_Exercise objective_
All of the data below should come back exactly as written, minus its images.

_Collected material_
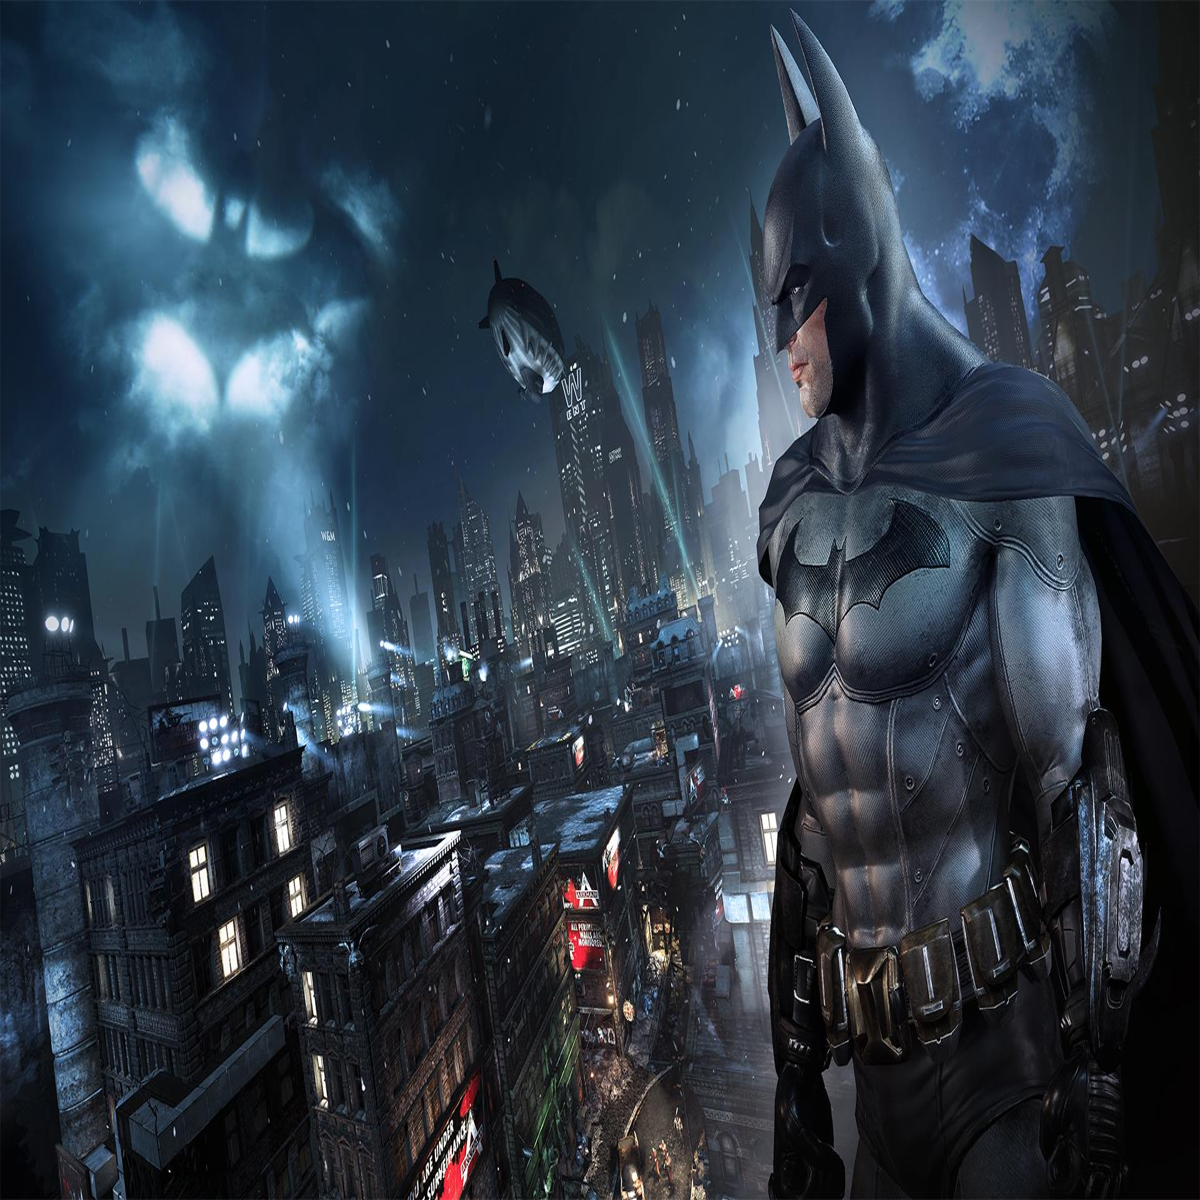 BATMAN Arkham Asylum FULL GAME Walkthrough Gameplay [4K 60FPS] - No  Commentary 
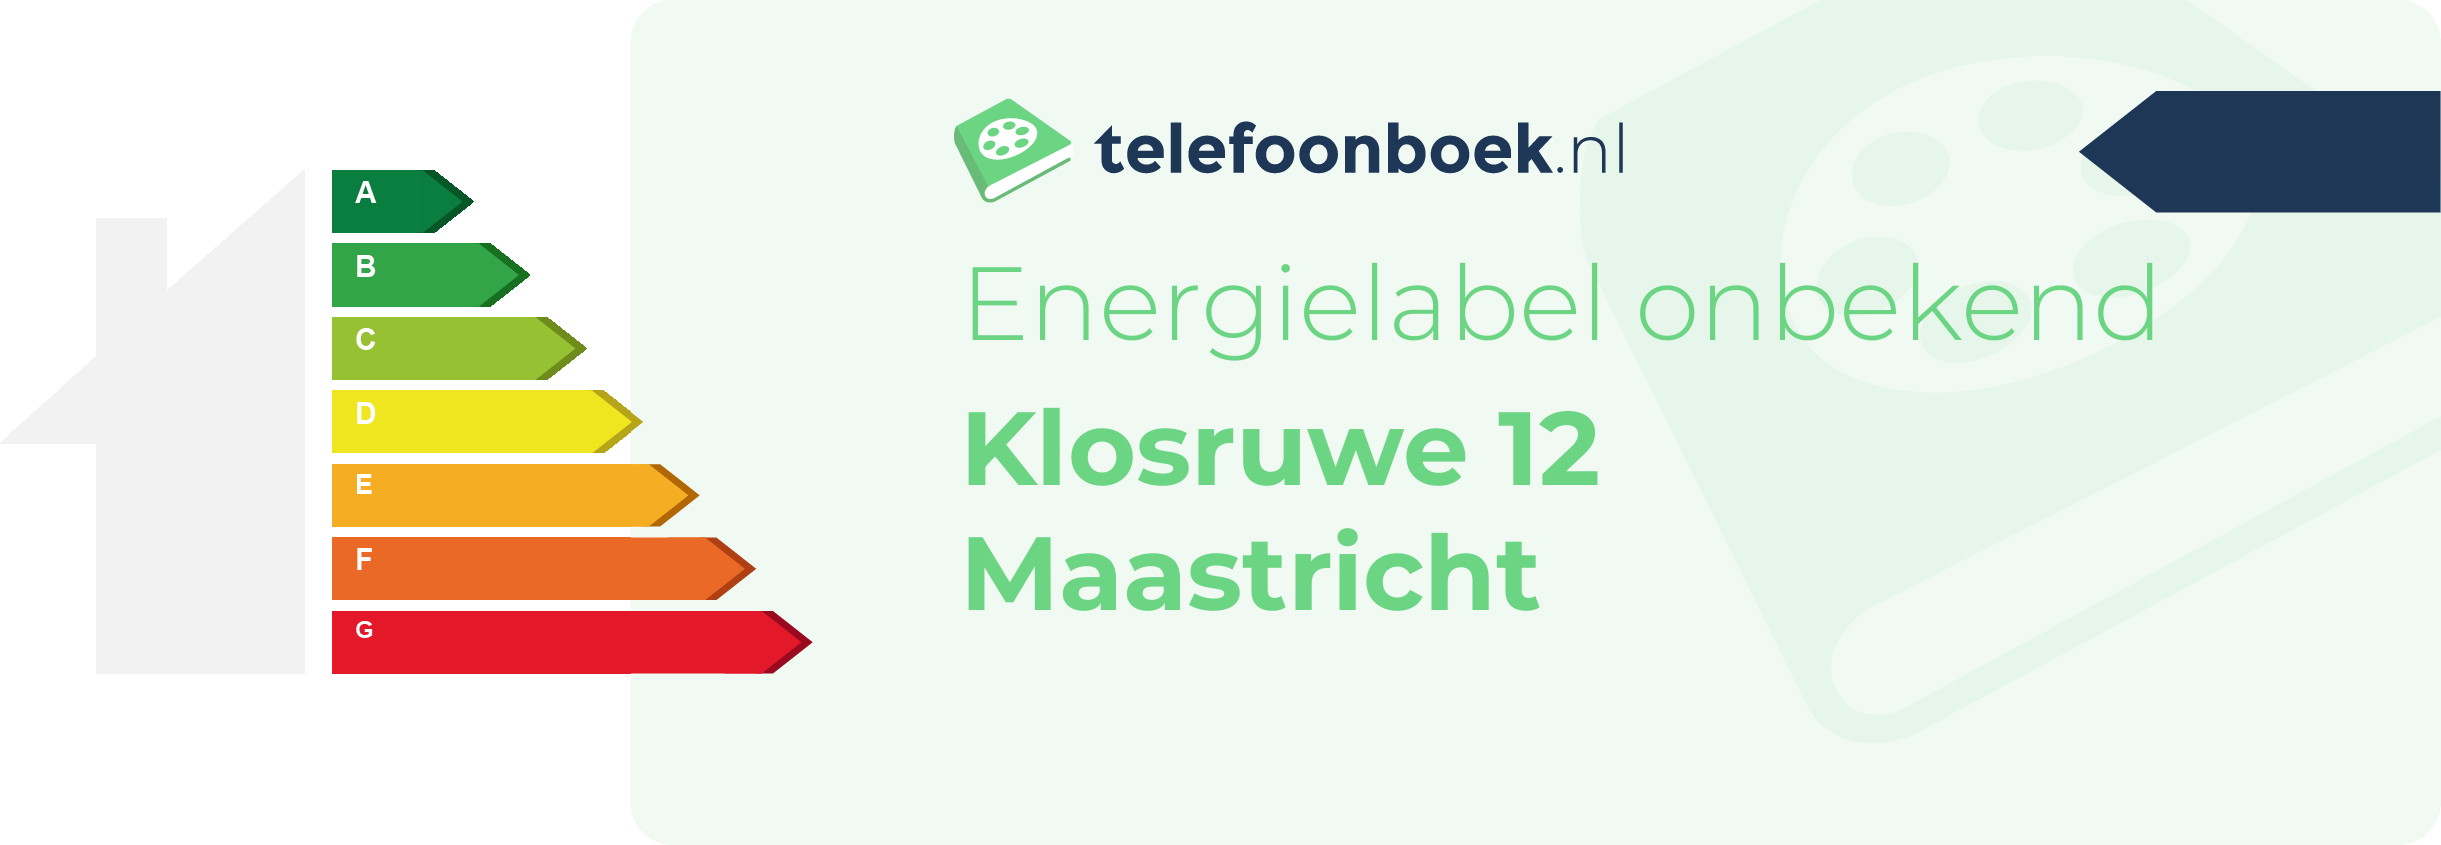 Energielabel Klosruwe 12 Maastricht
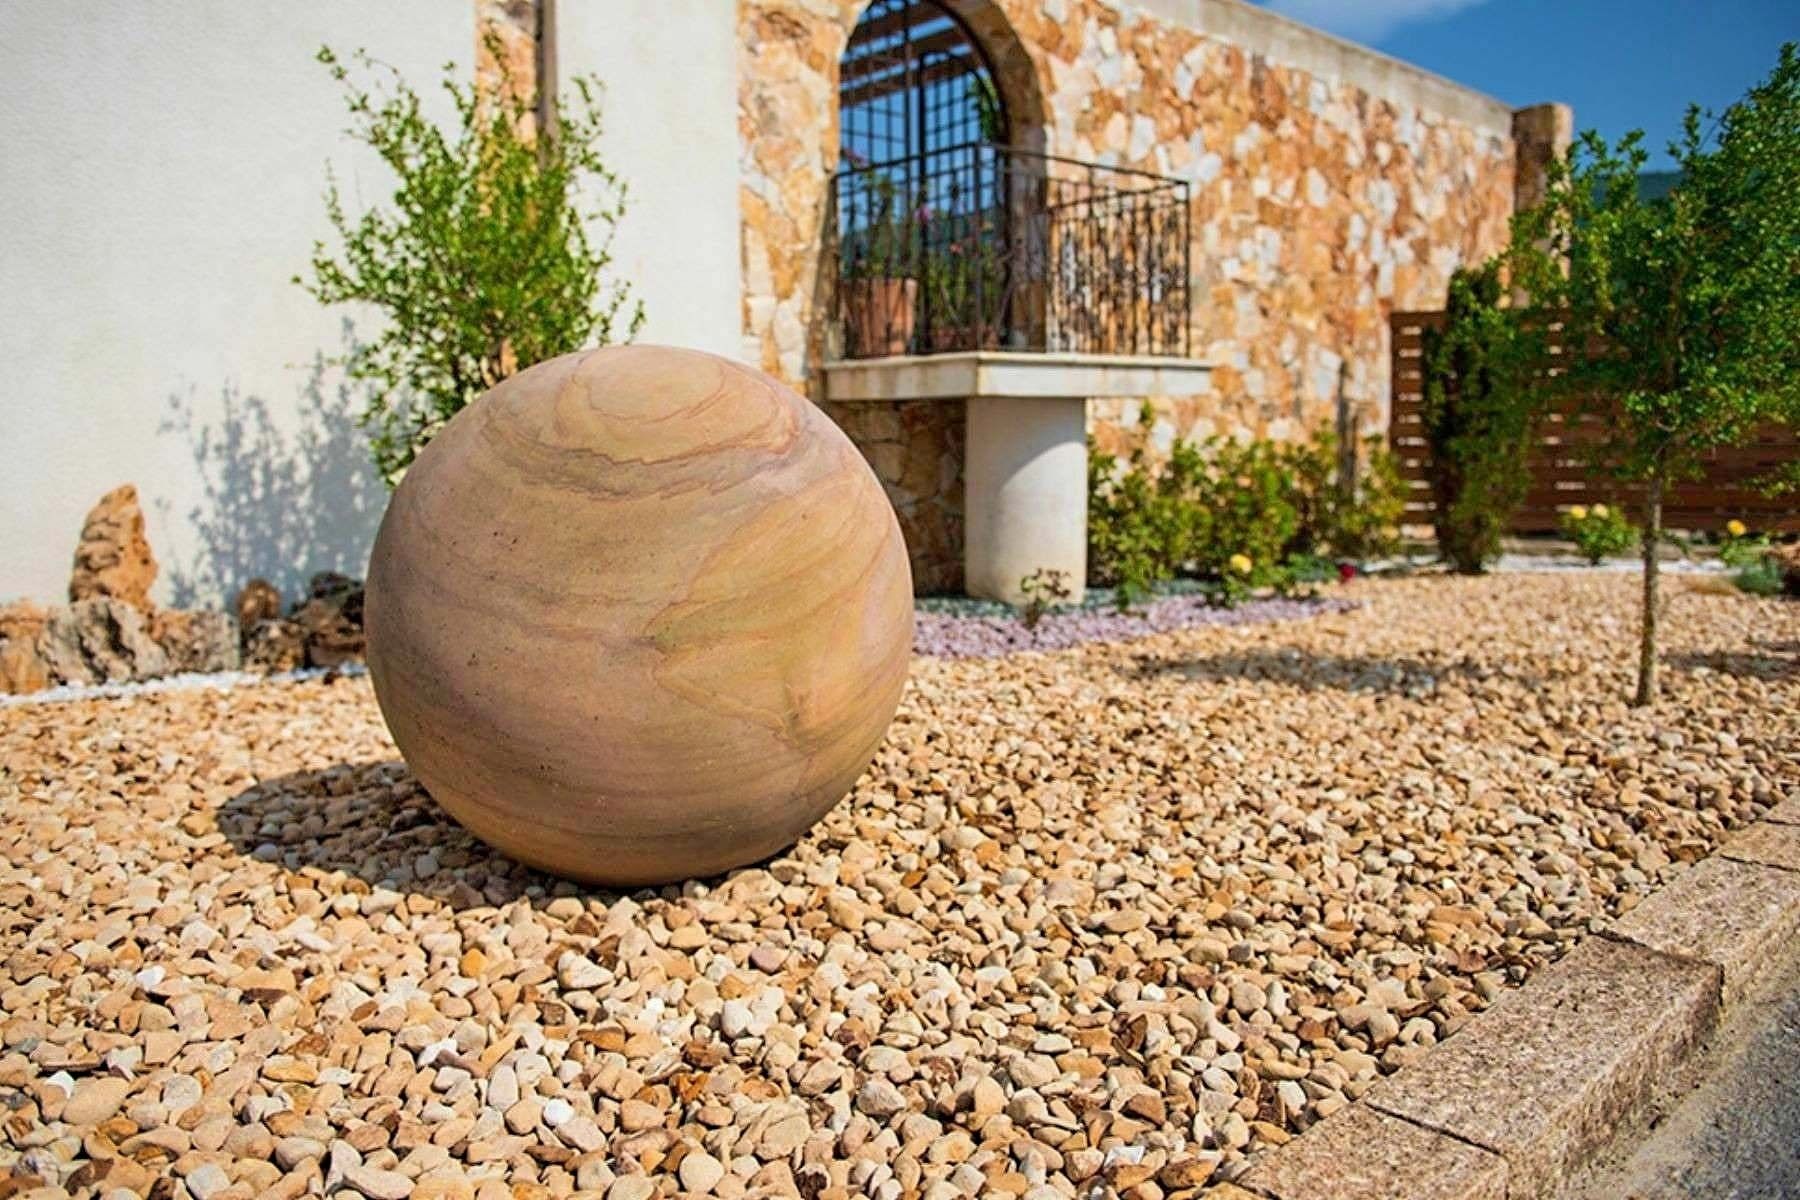 sandstone garden edging with sandstone pebbles and sandstone sculpture

_Result of this task_
 BATMAN Arkham Asylum FULL GAME Walkthrough Gameplay [4K 60FPS] - No  Commentary 
 Energielabel Klosruwe 12 Maastricht
 sandstone garden edging with sandstone pebbles and sandstone sculpture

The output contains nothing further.